A third factor is low self-esteem, which can be driven by problems in school, bullying, not having a meaningful occupation, disappointment in one's appearance as compared to others, and envy of others who seem to have marvelous lives on social media.

On the biology side of the problem, Randolph described that marijuana as being slow acting, especially if swallowed, but if smoked, it enters the bloodstream much faster. He said the quicker a drug can enter the bloodstream and reach the brain, the faster the high, but also the shorter the high lasts setting one up for wanting the stimulant again sooner. Randolph said that opiates, which dissolve in liquids easily, can thus reach the brain quickly, even more so if injected into ones' veins. He added that a danger of purchasing marijuana on the street is not knowing what's in it; it may, more often than not, be laced with a stimulant.

As the brains of youth are not fully developed, the danger of using alcohol, tobacco and other drugs is acute. Randolph said the earlier young people start using substances, the more likely they'll have abuse problems later in life. The last part of a teen's brain to develop is the pre-frontal cortex, known as the rational part of the brain. Indeed, it's not fully developed until a person is about 25. This is the part of the brain that develops good judgment and awareness of long-term consequences.

Young people primarily operate with the amygdala, the emotional part of the brain. Without the brake of a fully developed pre-frontal cortex, youth tend to take lots of risks, as well as herd together for a sense of safety, exemplified by a group of girls or boys hanging out together in a schoolyard. Bad for kids are helicopter parents who hover over them or lawnmower parents that remove every obstacle in their path. Better is providing kids access to good role models, opportunities to take measured risks so they can learn their limitations, and being available to them when they have questions about any issue.

"This was great," said Marlene Burrell. "I loved Zach's picture of a youth's brain. More people should attend these presentations. We need to learn about this as the problems associated with addiction affects us all. Learning how to use Naloxone to address an overdose was excellent as was the importance of staying with the person ready to treat them again if need be. I had no idea that you could overdose again when the treatment wears off and that it might be twice as quick. I also learned how important it is to secure the medications in your home."

Bob Rose shared that he lost his only son to heroin. He learned the importance of being aware of the changes in one's kids go through and to not just shrug that off as kids being kids; there may be something wrong.

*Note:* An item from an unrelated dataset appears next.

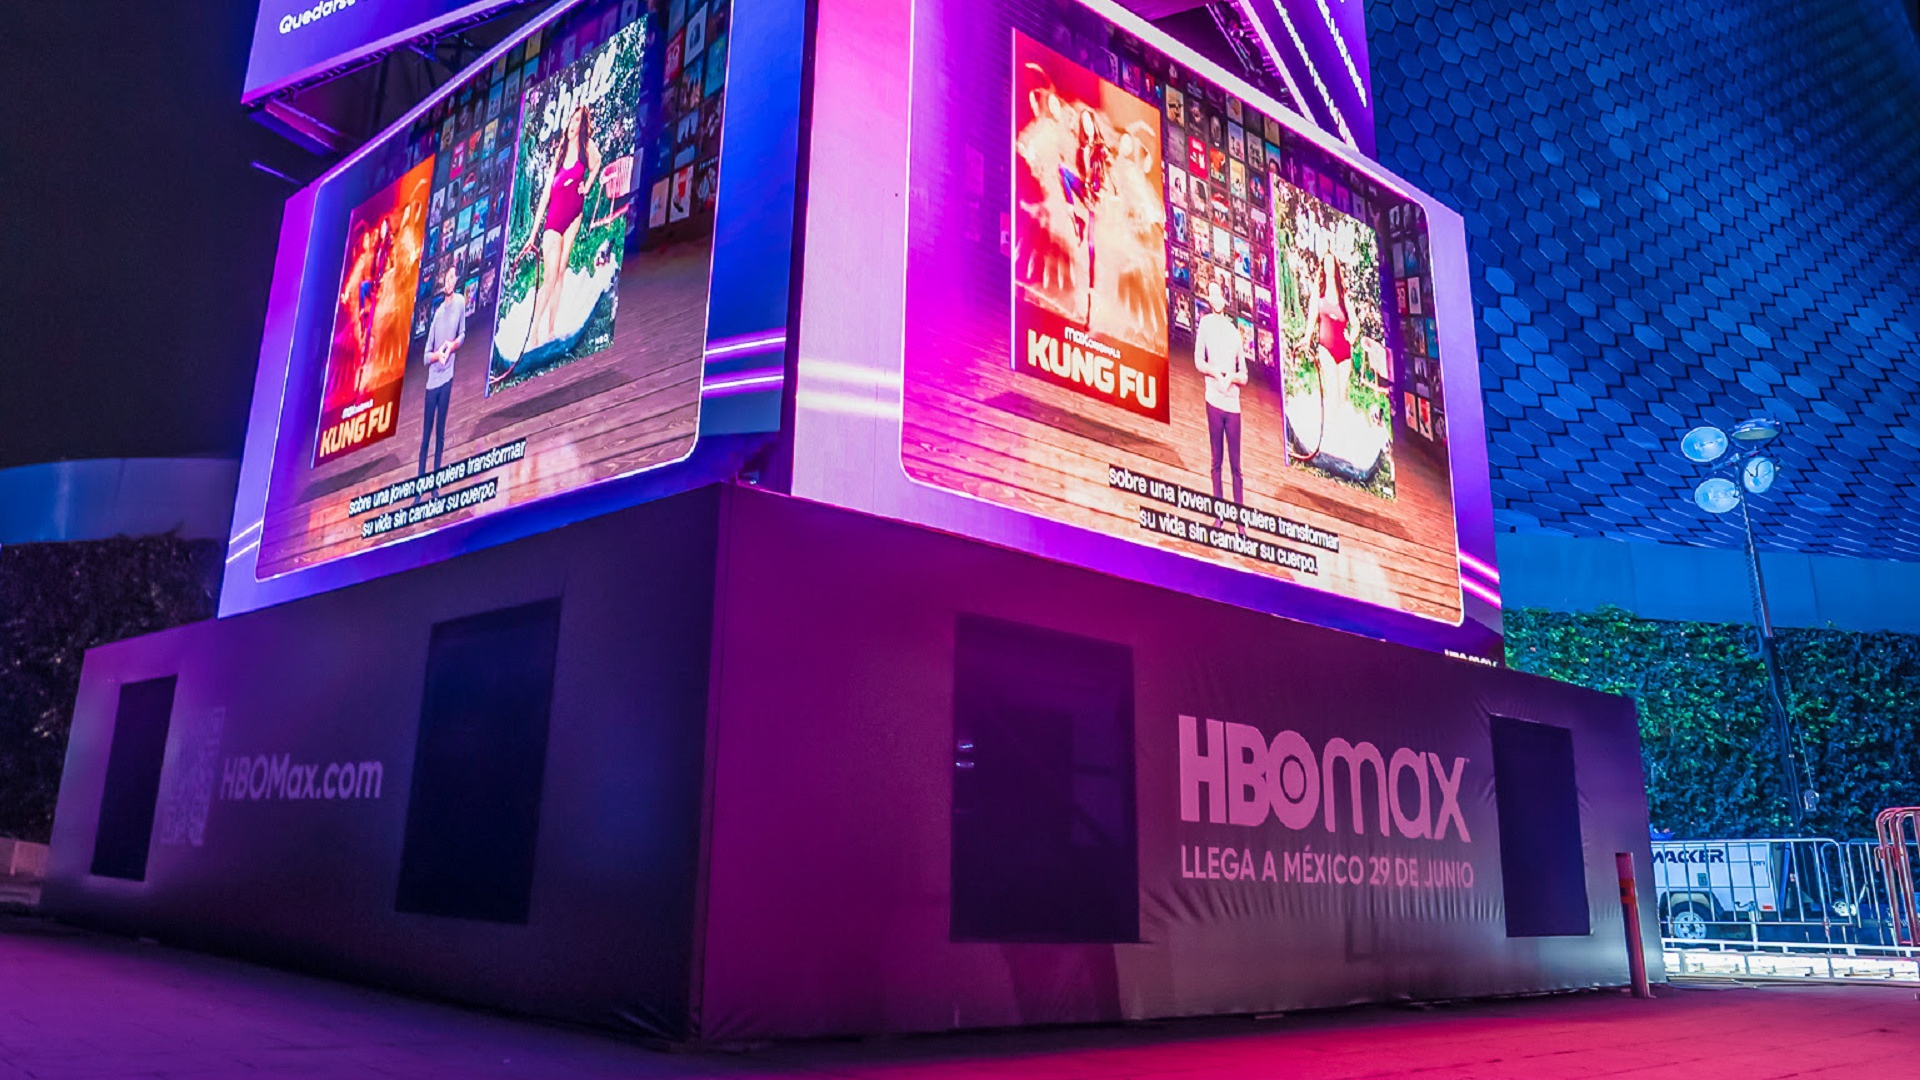 Todo sobre HBO Max Latinoamérica: precios, planes, contenidos y mas

"I can look back and now see what was happening with my son," said Rose. "I didn't have the education to ask myself, 'Why is my son so emotional? Why is he changing? Why is he being foggy and stuff, and he can't hold his job in high school?' He was using drugs, and I didn't see it. Educating parents is my big takeaway. I don't want to see another parent lose their kid the way I did. Addiction can happen to anybody; it can happen to anyone of us and our loved ones."

"People with addictions need something meaningful to do," said Burrell. "They shouldn't be left alone. They need to know they can make a difference."

"The disease of addiction is the disease of connectedness," said Randolph "The quality of people you surround yourself with in all stages of life matters."